I'm having trouble reconciling these statements. Where does the productivity boost come from since that reviewing burden seems much greater than you'd have if you knew commits were coming from a competent human?
by jebarker
1/17/2025 at 1:39:14 PM
There's often a lot of small fixes that not time efficient to do, but a solution is not much code and is quick to verify.If the cost is small to setting a coding agent (e.g. aider) on a task, seeing if it reaches a quick solution, and just aborting if it spins out, you can solve a subset of these types of issues very quickly, instead of leaving them in issue tracking to grow stale. That lets you up the polish on your work.

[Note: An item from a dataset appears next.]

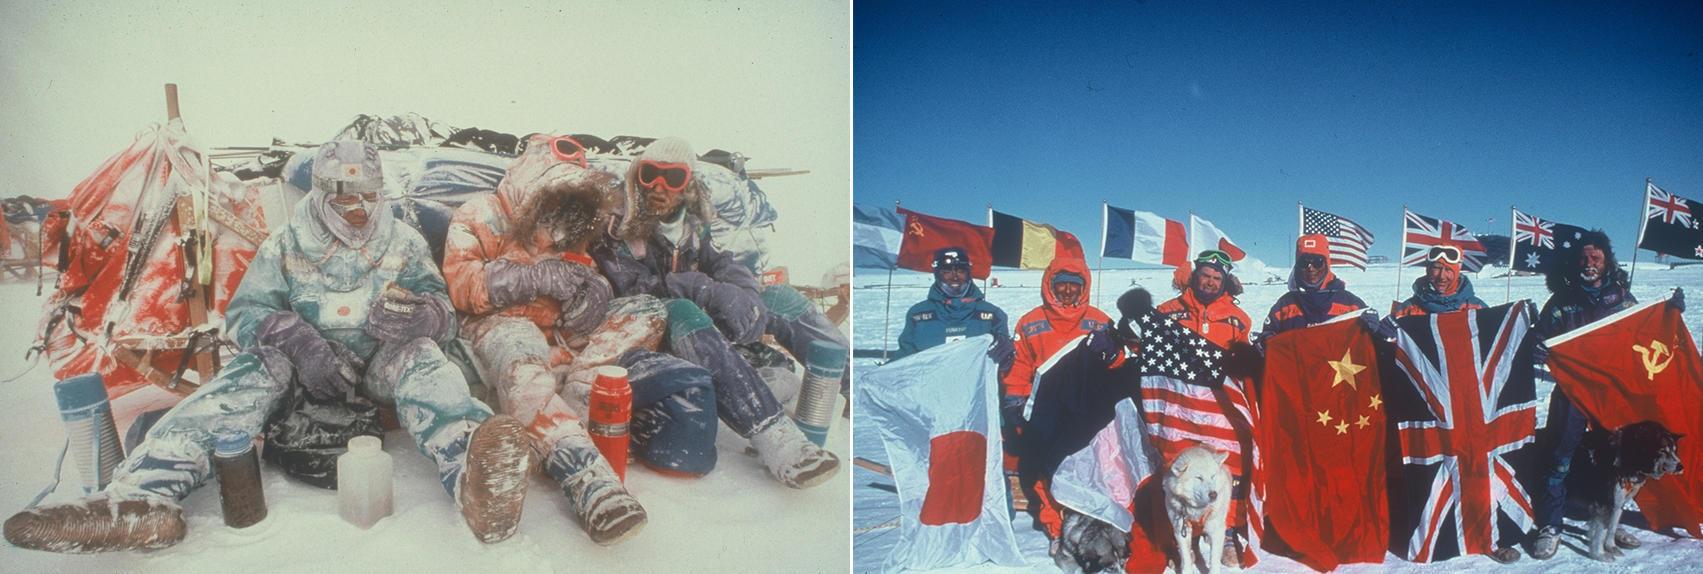 南極犬ぞり横断30周年記念プロジェクト『THINK SOUTH FOR THE NEXT』シンポジウムを開催します。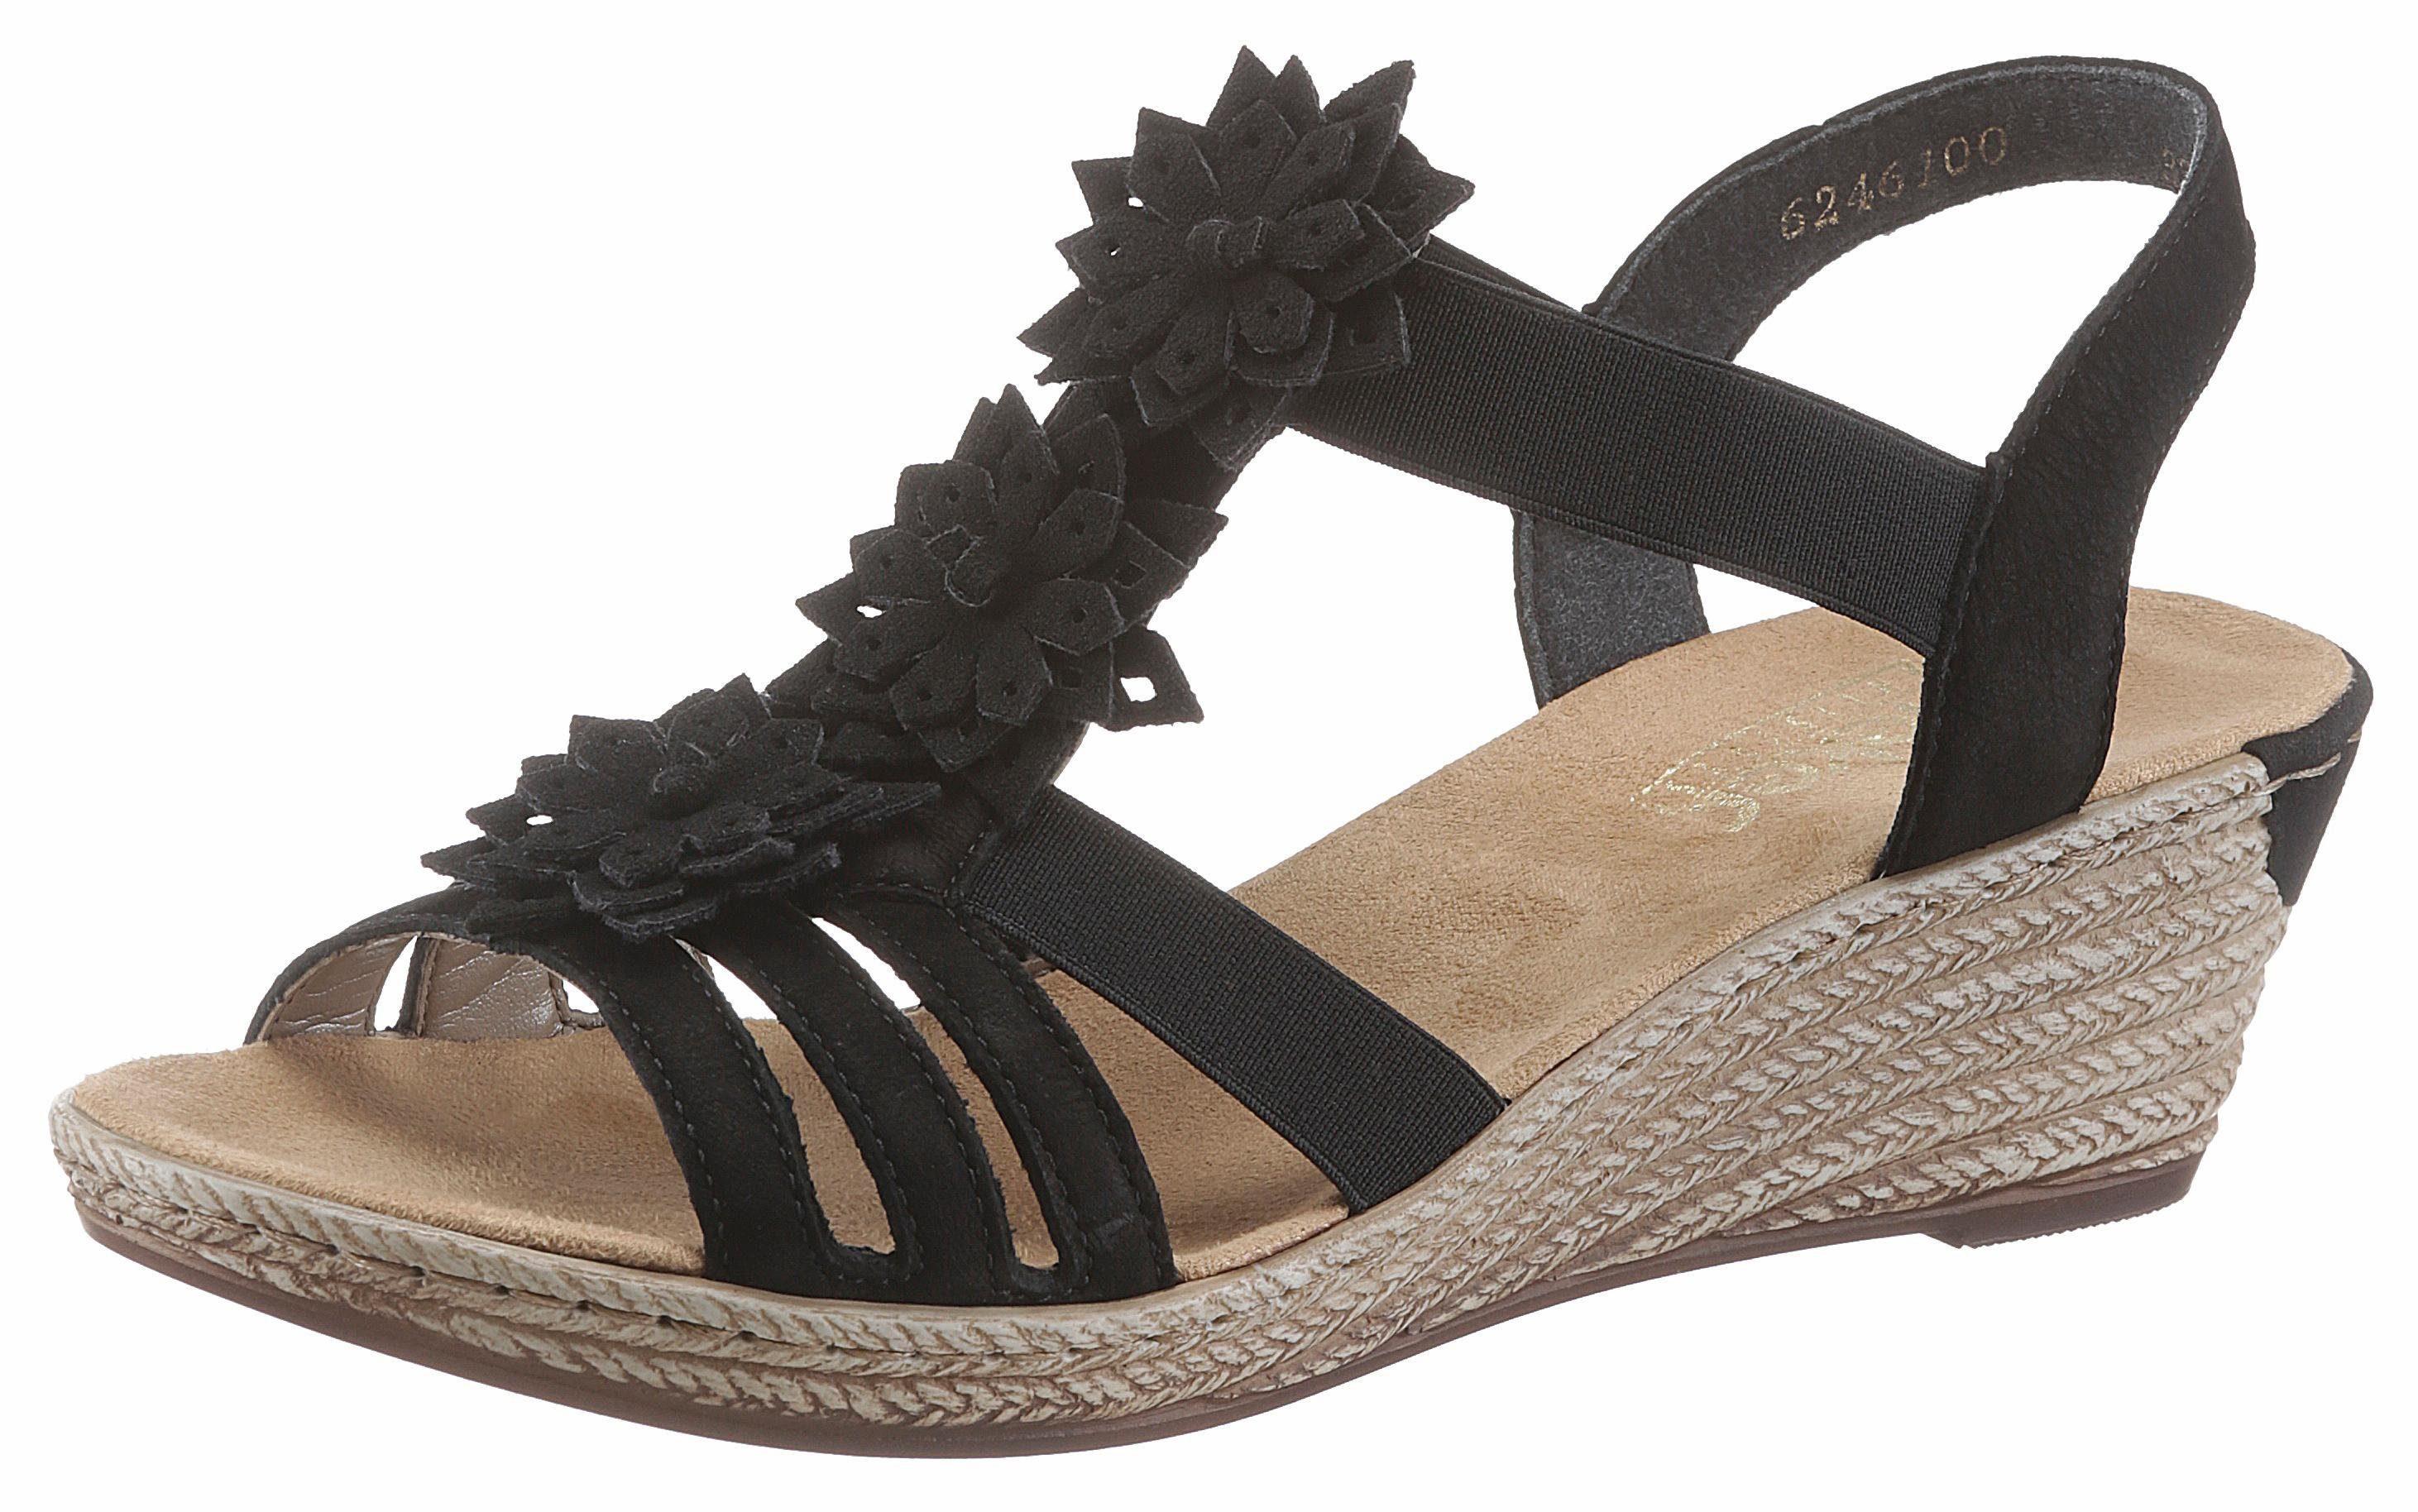 Rieker Sandalette mit modischen Blüten verziert | OTTO

That's still quite a different story to having it do the core, most important part of your work. That feels a little further away. One of the challenges is the scout rule, the refactoring alongside change that makes the codebase nicer. I feel like today it's easier to get a correct change that slightly degrades codebase quality, than one that maintains it.
by lars512
1/17/2025 at 1:49:22 PM
Thanks - this all makes sense - I still don't feel like this would constitute a massive productivity boost in most cases, since it's not fixing time consuming major issues. But I can see how it's nice to have.by jebarker
1/17/2025 at 2:04:59 PM
The bigger win comes not from saving keystrokes, but from saving you from a context switch.Merge conflicts are probably the biggest one for me. I put up a PR and move onto a new task. Someone approves, but now there are conflicts. I could switch off my task, spend 5-10 min remembering the intent of this PR and fixing the issues. Or I could just say "@openhands fix the merge conflicts" and move back to my new task.
by rbren
1/17/2025 at 9:08:37 PM
The issue is that you still need to review the fixed PR (or someone else does) which means you just deferred the context switch, you didn't eliminate it. And if the fix is in a new commit, that's possible (whereas if it rebases you have to remember your old SHA).Playing the other side, pipelining is real.
by svieira
1/17/2025 at 2:15:50 PM
I haven't started doing this with agents, but with autocomplete models I know exactly what OP is talking about: you stop trying to use models for things that models are bad at. A lot of people complain that Copilot is more harm than good, but after a couple of months of using it I figured out when to bother and when not to bother and it's been a huge help since then.I imagine the same thing applies to agents. You can waste a lot of time by giving them tasks that are beyond them and then having to review complicated work that is more likely to be wrong than right. But once you develop an intuition for what they can and cannot do you can act appropriately.
by lolinder
1/17/2025 at 1:48:21 PM
I suspect that many engineers do not expend significant energy on reviewing code; especially if the change is lengthy.by drewbug01
1/17/2025 at 1:32:11 PM
>burden seems much greater than...Because the burden is much lower than if you were authoring the same commit yourself without any automation?
by linsomniac
1/17/2025 at 1:37:05 PM
Is that true? I'd like to think my commits are less burdensome to review than a fresh out of boot camp junior dev especially if all that's being done is fixing linter issues. Perhaps there's a small benefit, but doesn't seem like a major productivity boost.by jebarker
1/17/2025 at 1:47:02 PM
A junior dev is not a good approximation of the strengths and weaknesses of these models.by ErikBjare
1/17/2025 at 2:08:31 PM
Agreed! The comparison is great for estimating the scope of the tasks they're capable of--they do very well with bite-sized tasks that can be individually verified. But their world knowledge is that of a principal engineer!I think this is why people struggle so much with agents--they see the agent perform magic, then assume it can be trusted with a larger task, where it completely falls down.
by rbren
1/17/2025 at 2:00:37 PM
The post I originally commented on literally made that comparison when describing the models as a massive productivity boost.by jebarker
1/17/2025 at 4:38:15 PM
We've seen exponential improvements in LLM's coding abilities. Went from almost useless to somewhat useful in like two years.Claude 3.5 is not bad really. I wanted to do a side project that has been on my mind for a few years, and Claude coded it in like 30 seconds.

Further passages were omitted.